Exercise description:
Drop the pictures and restate the rest of the listing word for word.

Recorded information:
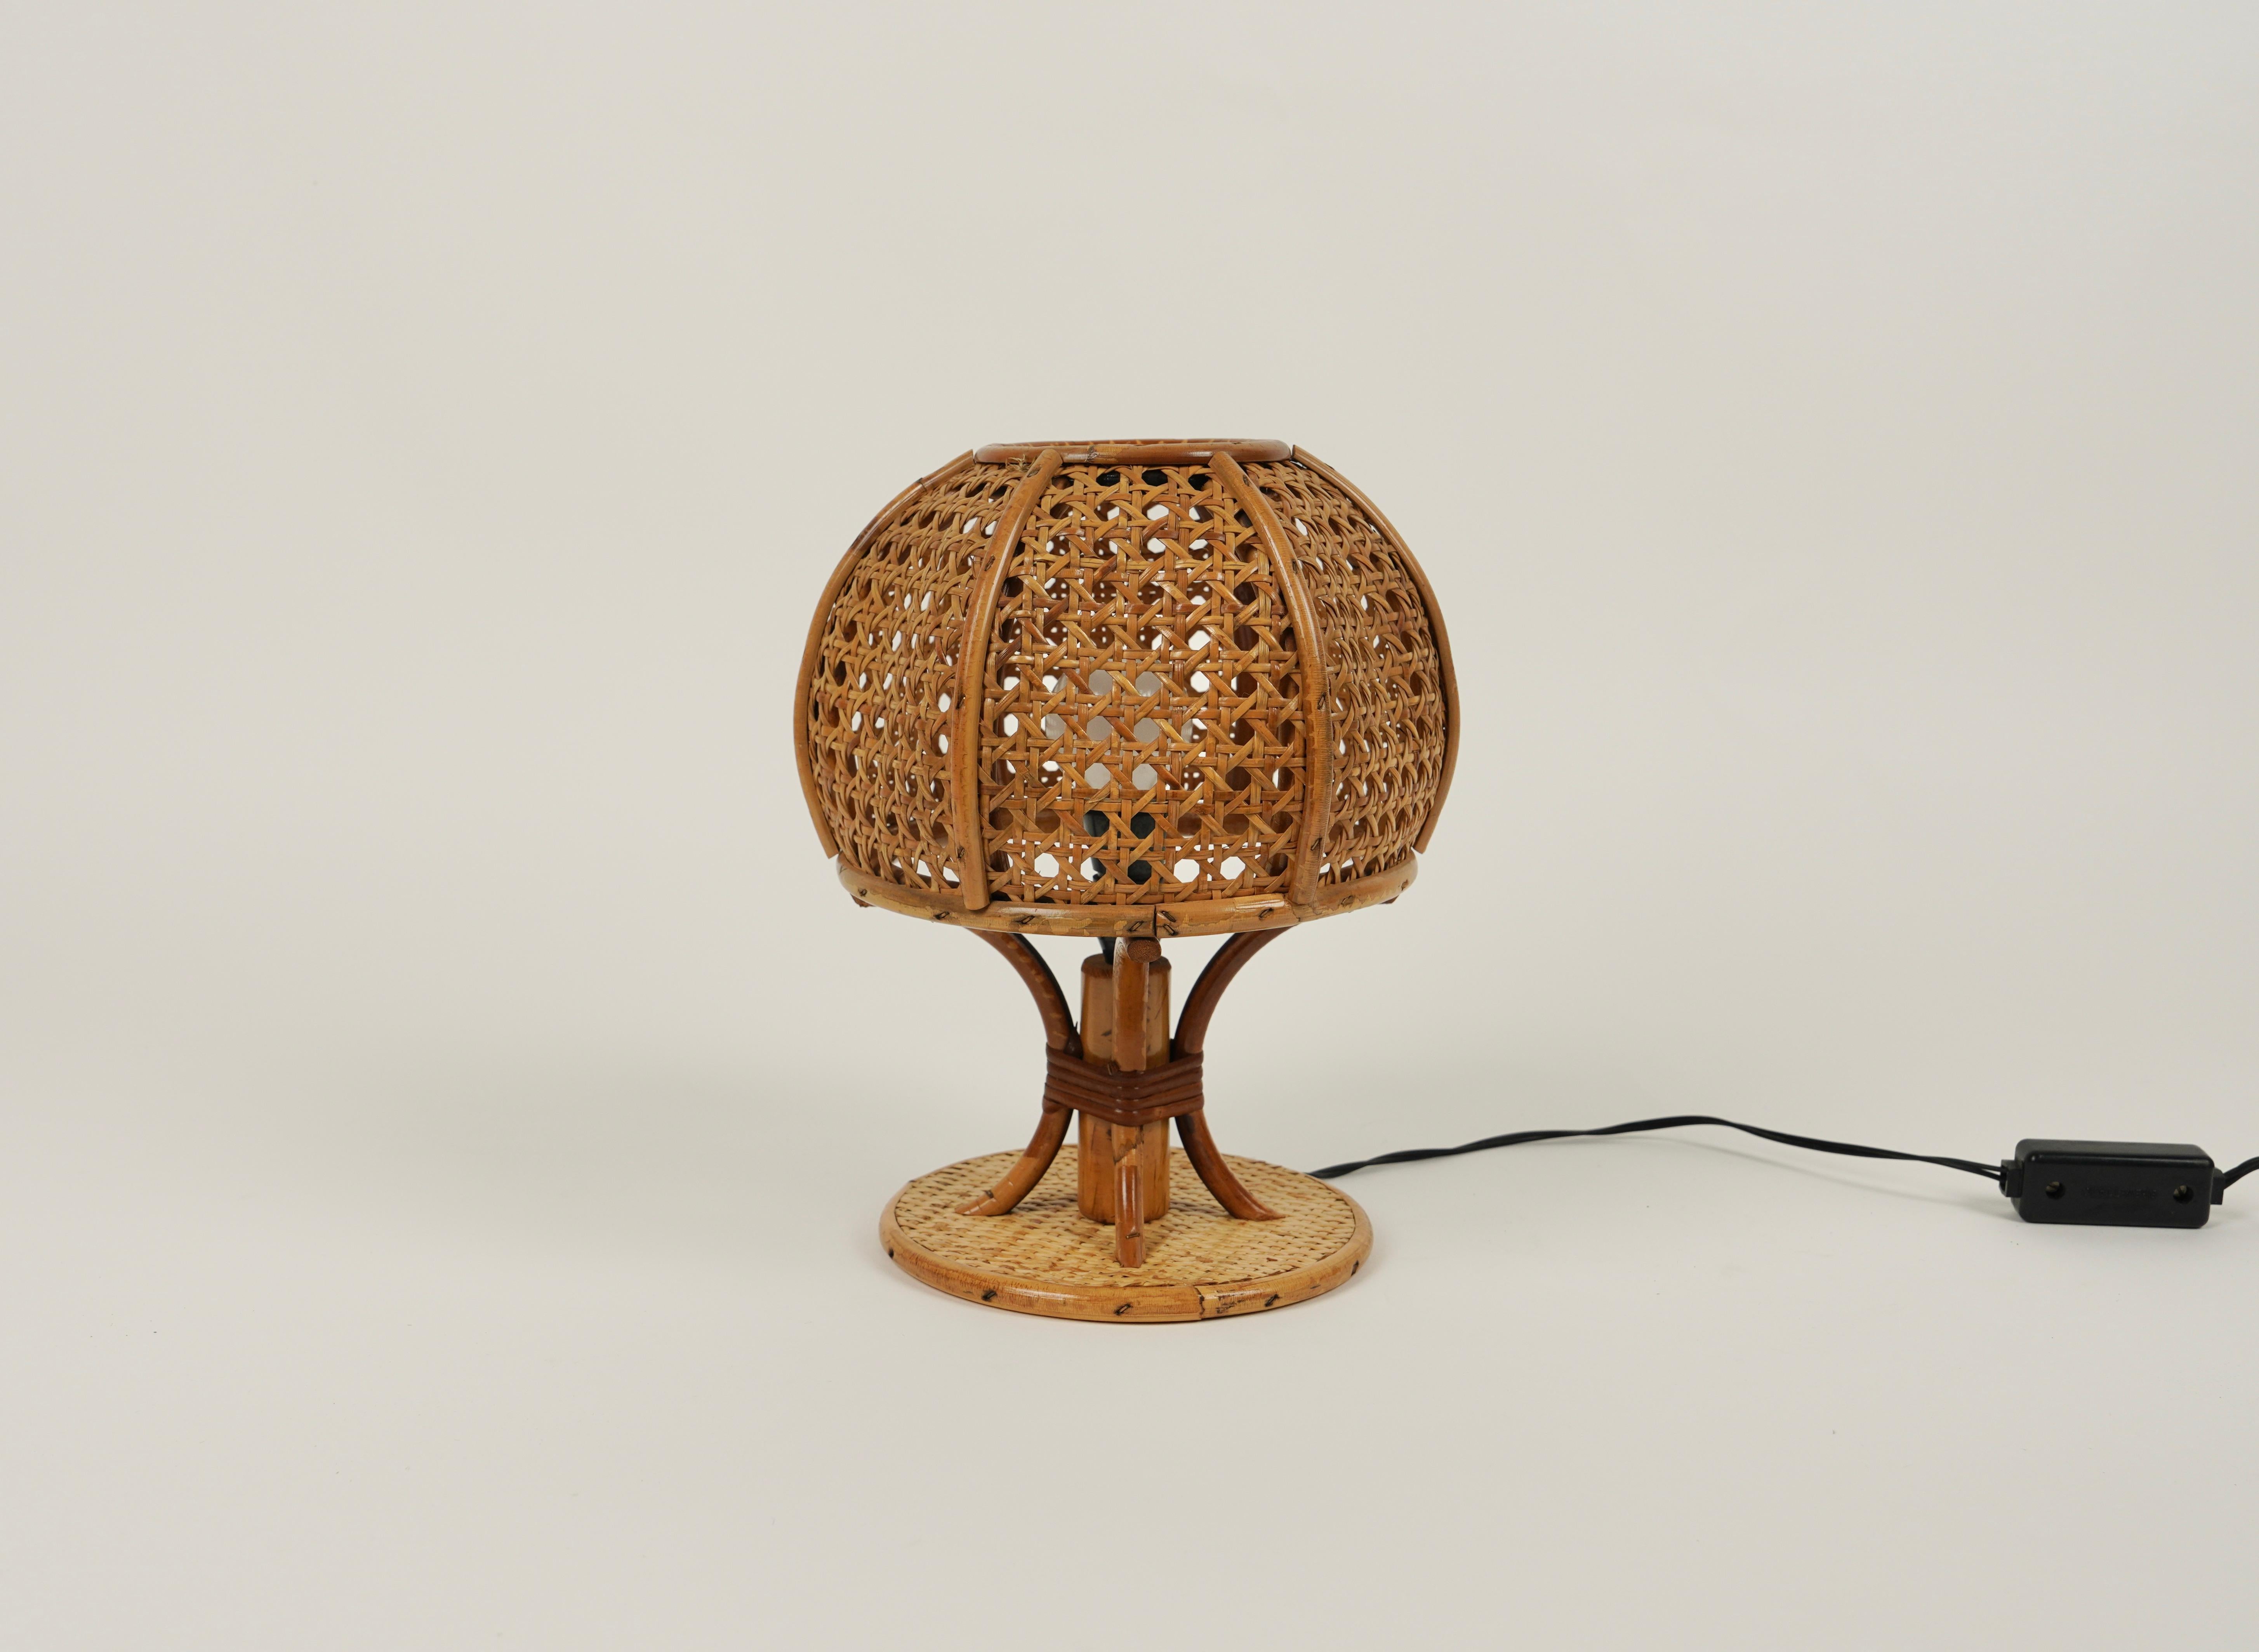 Beautiful table lamp in rattan and wicker in the style of Louis Sognot. 

Made in Italy in the 1970s. 

Louis Sognot was a French designer best known for his elegant furniture made from a combination of rattan and wood. Sognot was influenced by

Your solution:
 Beautiful table lamp in rattan and wicker in the style of Louis Sognot. 

Made in Italy in the 1970s. 

Louis Sognot was a French designer best known for his elegant furniture made from a combination of rattan and wood. Sognot was influenced by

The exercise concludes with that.